▶ What is required
Output the listing word for word, minus images.

▶ Source data
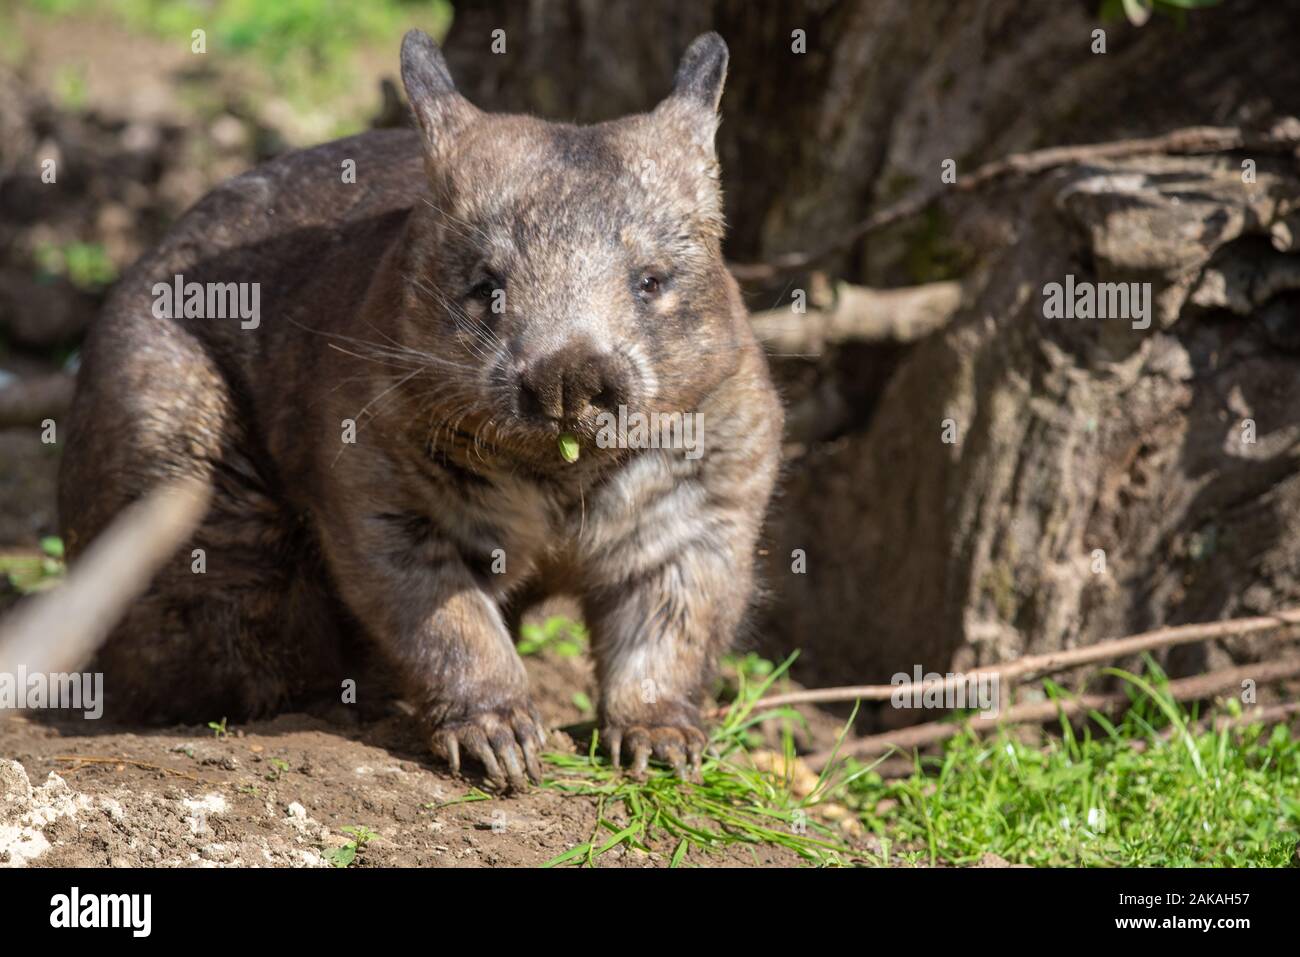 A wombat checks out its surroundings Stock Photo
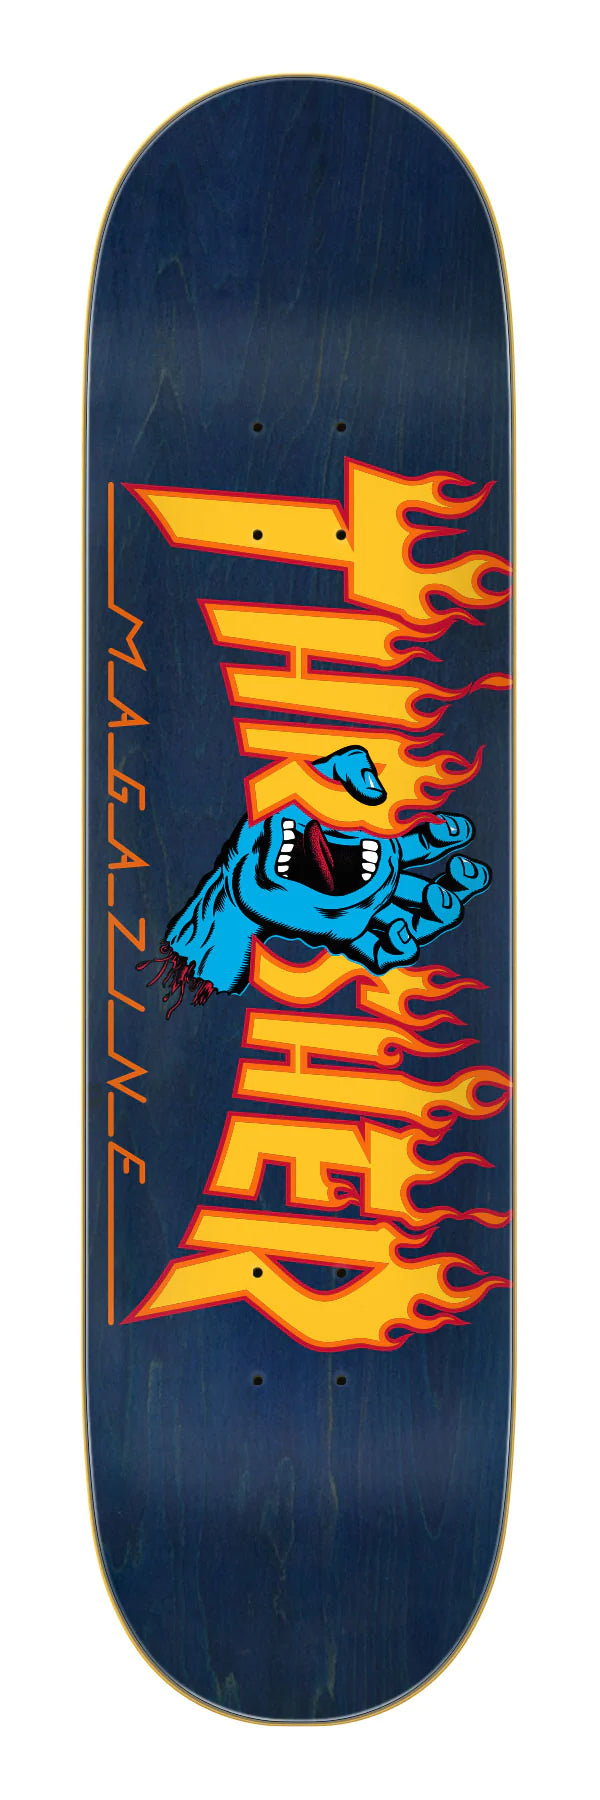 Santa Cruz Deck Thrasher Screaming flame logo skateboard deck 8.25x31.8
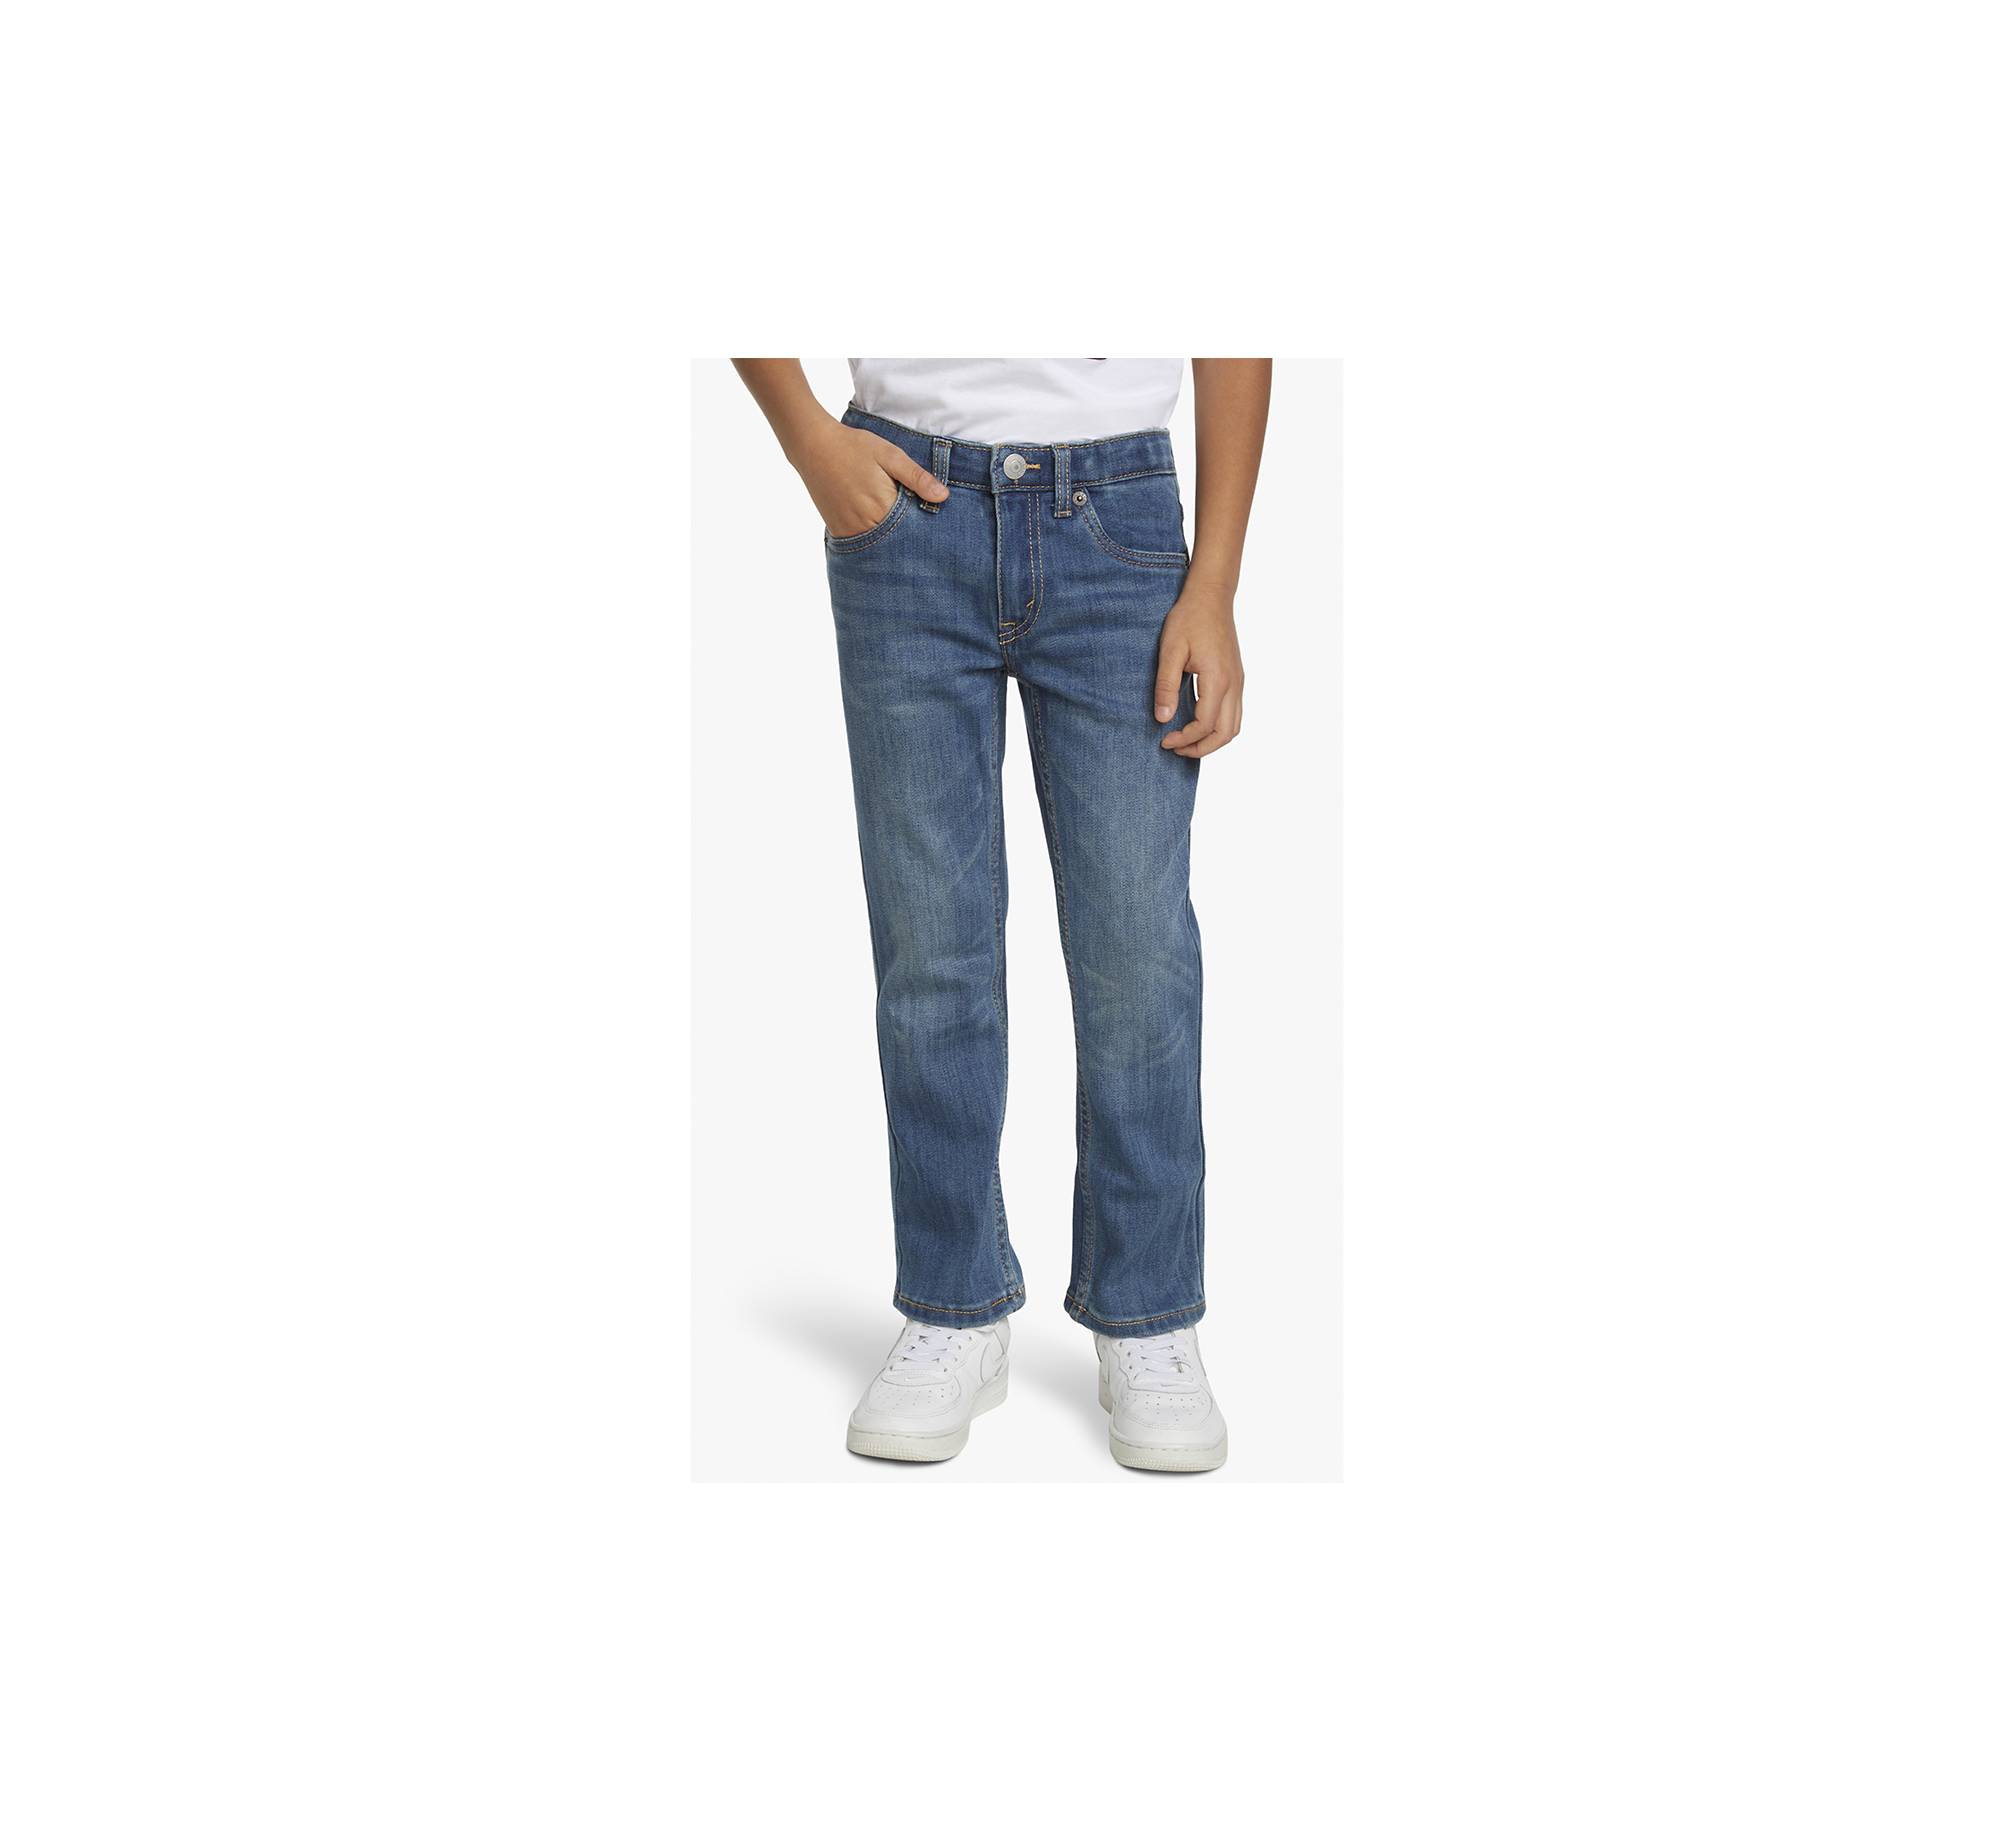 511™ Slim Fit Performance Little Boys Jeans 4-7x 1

▶ Answer to the problem
 A wombat checks out its surroundings Stock Photo
 Santa Cruz Deck Thrasher Screaming flame logo skateboard deck 8.25x31.8
 511™ Slim Fit Performance Little Boys Jeans 4-7x 1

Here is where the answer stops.